The ACB of a property is defined in section 54 as its cost plus or minus certain adjustments.
For more information on computing the capital gain or loss, see Guide T4037, Capital Gains 2019.
If the property sold is depreciable property, the disposition of that property, in addition to being subject to the capital gains and losses provisions of the Act, could also result in a recapture of capital cost allowance or a terminal loss, as discussed above in Section 1.1. For more information on this topic, please refer to Income Tax Folio S3-F4-C1, General Discussion of Capital Cost Allowance (footnote 5).
1.3 Capital gains deductions, principal residence exemption and acquisition of a replacement property
Where a capital gain is realized, it may be reduced in part or in full or deferred by, for example, claiming a capital gains deduction, a principal residence exemption or by acquiring a replacement property.
1.3.1 Capital gains deductions - qualified farm or fishing property
An individual (footnote 6) who realizes a capital gain on the disposition of qualified farm or fishing property ("QFFP") may be able to claim a deduction in respect of that gain in computing taxable income for that year pursuant to subsection 110.6(2) or 110.6(2.2). For example, real property, such as land and a building, that was used in the course of carrying on a farming or fishing business in Canada may be QFFP if it satisfies certain conditions.
Further explanation of these deductions and QFFPs can be found in Guide T4037.
1.3.2 Principal residence exemption
The principal residence exemption may be claimed in respect of a capital gain realized on the disposition of a property that is considered as a principal residence. The term "principal residence" is defined in section 54. In order for a property to qualify as a principal residence, it must be designated as such by completing the relevant section of Schedule 3, Capital Gains (or Losses) of the income tax return and Form T2091(IND), Designation of a Property as a Principal Residence by an Individual (Other than a Personal Trust). The principal residence exemption is claimed pursuant to paragraph 40(2)(b) or paragraph 40(2)(c) in the case of land used in a farming business and containing a principal residence.
This exemption is explained in Income Tax Folio S1-F3-C2, Principal Residence (footnote 7) and in Interpretation Bulletin IT-218R ARCHIVED (footnote 8).
1.3.3 Acquisition of a replacement property
Elections may be made pursuant to subsections 44(1) and 13(4) to defer all or part of a capital gain or recapture of capital cost allowance realized on the disposition of a property to another year in certain circumstances. This is particularly the case where the property was, immediately before it was disposed of, a former business property, and a replacement property is acquired.
Further explanation of the replacement property rules can be found in Income Tax Folio S3-F3-C1, Replacement Property (footnote 9).

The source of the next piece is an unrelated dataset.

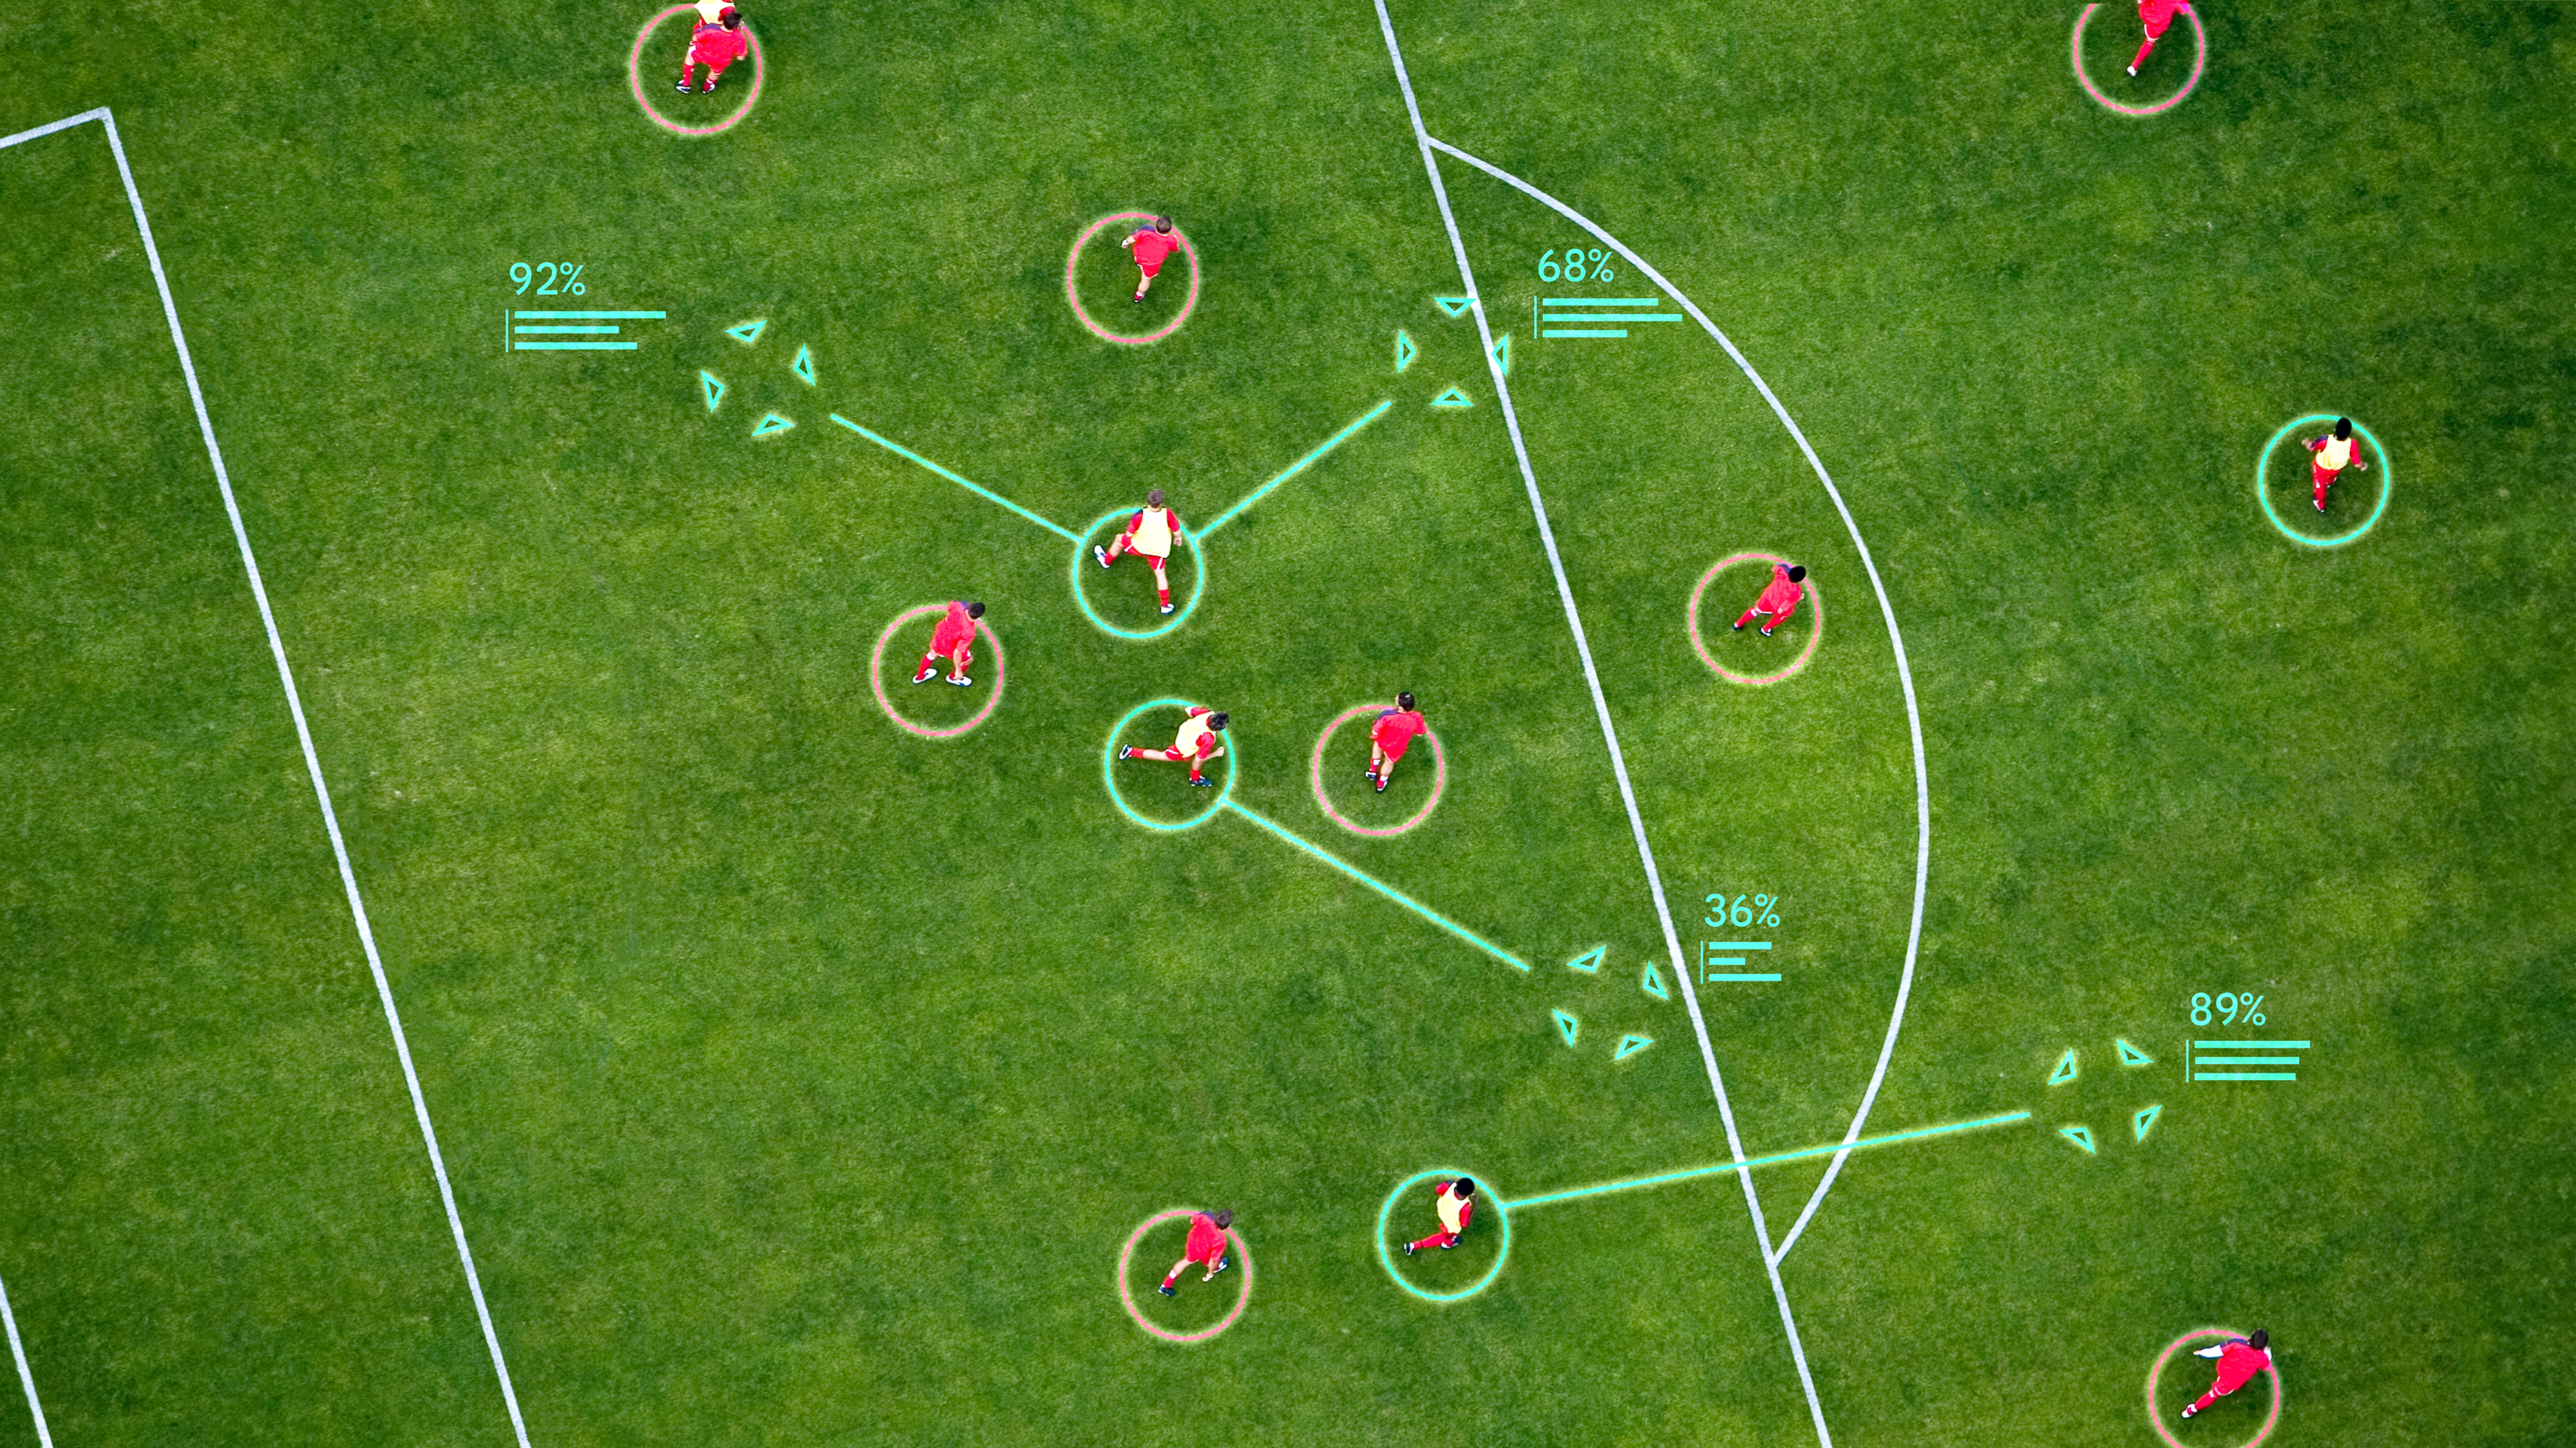 구글 딥마인드의 축구 전술 AI ‘택틱’이 코너킥 상황에서 선수의 위치와 이동 상황에 따른 득점 연결 확률을 모두 계산해 최적 전술을 제시한 시뮬레이션.   구글 딥마인드 제공

SECTION 2 – COMPENSATION RECEIVED FOR THE LOSS IN VALUE OF THE REMAINDER
According to the information you have given us, the remainder is the portion of the property remaining after the removal of the parcel. It is possible that this remainder may lose value as a result of the removal due to a number of factors, including accessibility, configuration, size or drainage. In such a situation, compensation will be received by the owners to offset this loss of value.
We are of the view that the compensation received for this loss of value could be compensation in respect of injuriously affected property. As noted above in section 1.2, this compensation could be the proceeds of disposition of the remainder pursuant to paragraph (e) of the definition of proceeds of disposition in section 54, if that remainder were capital property.
In such a case, for the purpose of computing the capital gain or loss on the disposition, a reasonable portion of the ACB of the remainder will be required to be allocated to the disposed of portion pursuant to subsection 43(1). There is no provision in the Act specifying the method to be used to make this allocation. However, paragraph 1.76 of Income Tax Folio S3-F4-C1 (footnote 10) provides an example of a reasonable allocation based on fair market value. This method is not the only one and other methods may be equally valid; reasonableness being a question of fact.
In addition, some or all of the capital gain or loss from this disposition may be reduced. In this regard, please refer to Section 1.3 above.
Finally, the amount computed pursuant to subsection 43(1) will be deducted in computing the ACB of the remainder pursuant to paragraph 53(2)(d).
SECTION 3 – OTHER COMPENSATION RECEIVED
According to the list of potential compensation attached to your request, compensation could also be received by the owners for various disturbances of enjoyment relating to the operation of their business, such as loss of income, expenses or the cost of goods. Owners may also receive compensation for various heads of damages to their depreciable and non-depreciable property.
In general, the application of generally accepted business principles for the purposes of computing profit or loss under section 9 will result in the compensation received being included in computing income from their business or being applied against expenses or the cost of property. In some cases, specific provisions of the Act may apply to dictate the tax treatment of that compensation, as discussed later in this document.
Finally, owners may also receive compensation for a building used as a residence. The tax treatment that may apply to those allowances is also referred to below.
Given the quantity and variety of compensation to be received, their tax treatment is presented according to the following groupings:
3.1 Compensation for income or expenses of a business or property;
3.2 Compensation for property;
3.3 Compensation in respect of a building used as a residence.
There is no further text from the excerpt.